» Problem description
Nothing below is to be printed except the lines between the line holding "Empire clock signed à Paris" and the line holding "The mantel clock", inclusive, each exactly as it appears.

» Provided information
::::

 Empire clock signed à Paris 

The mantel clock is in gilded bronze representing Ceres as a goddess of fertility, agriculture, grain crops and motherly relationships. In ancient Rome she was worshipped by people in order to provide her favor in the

::::

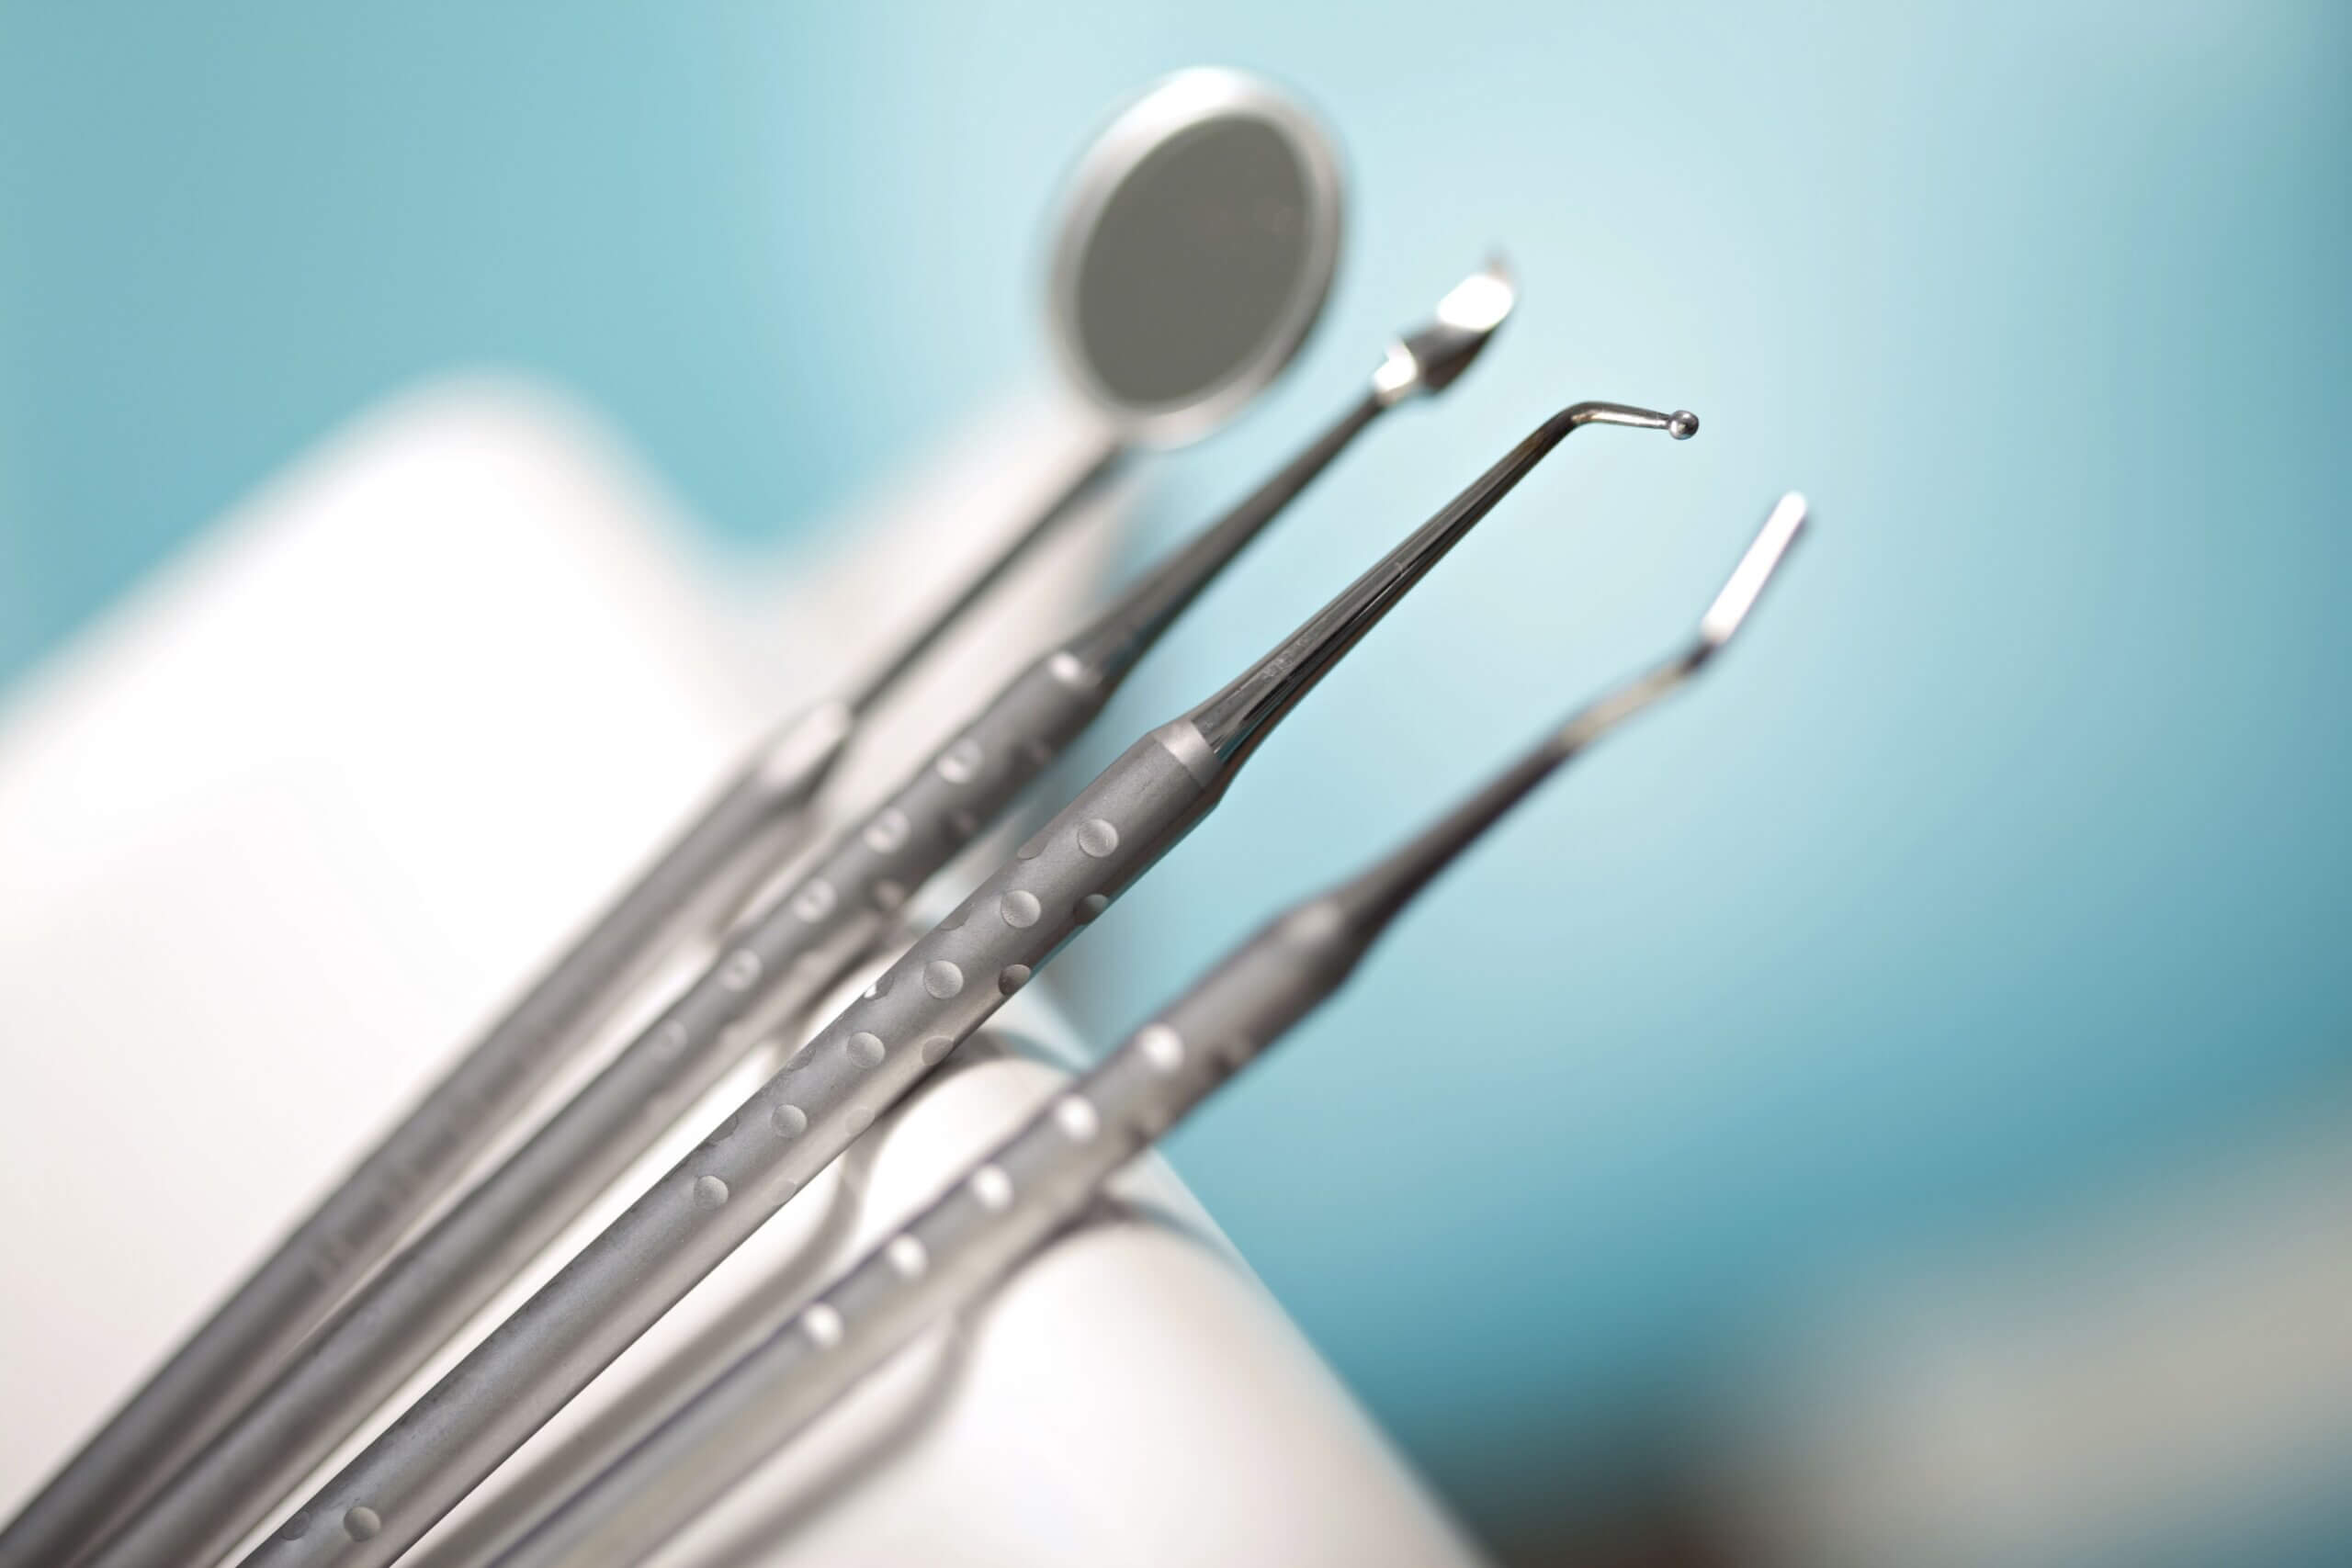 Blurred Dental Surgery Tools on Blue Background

::::

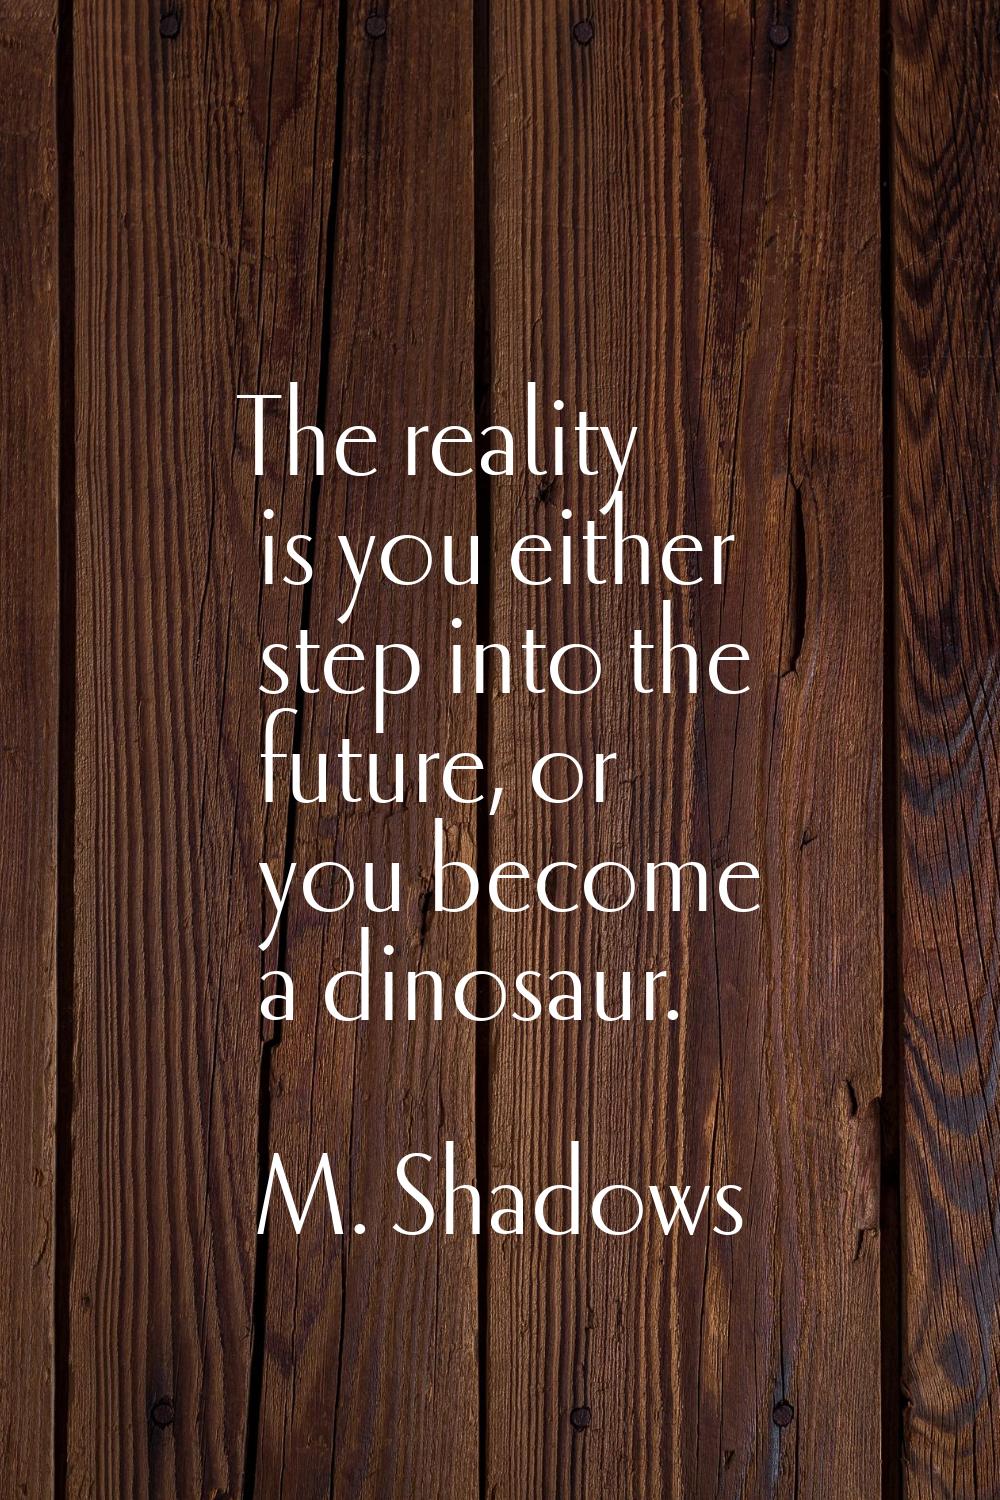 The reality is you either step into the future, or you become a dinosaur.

::::

» Reply
 Empire clock signed à Paris 

The mantel clock is in gilded bronze representing Ceres as a goddess of fertility, agriculture, grain crops and motherly relationships. In ancient Rome she was worshipped by people in order to provide her favor in the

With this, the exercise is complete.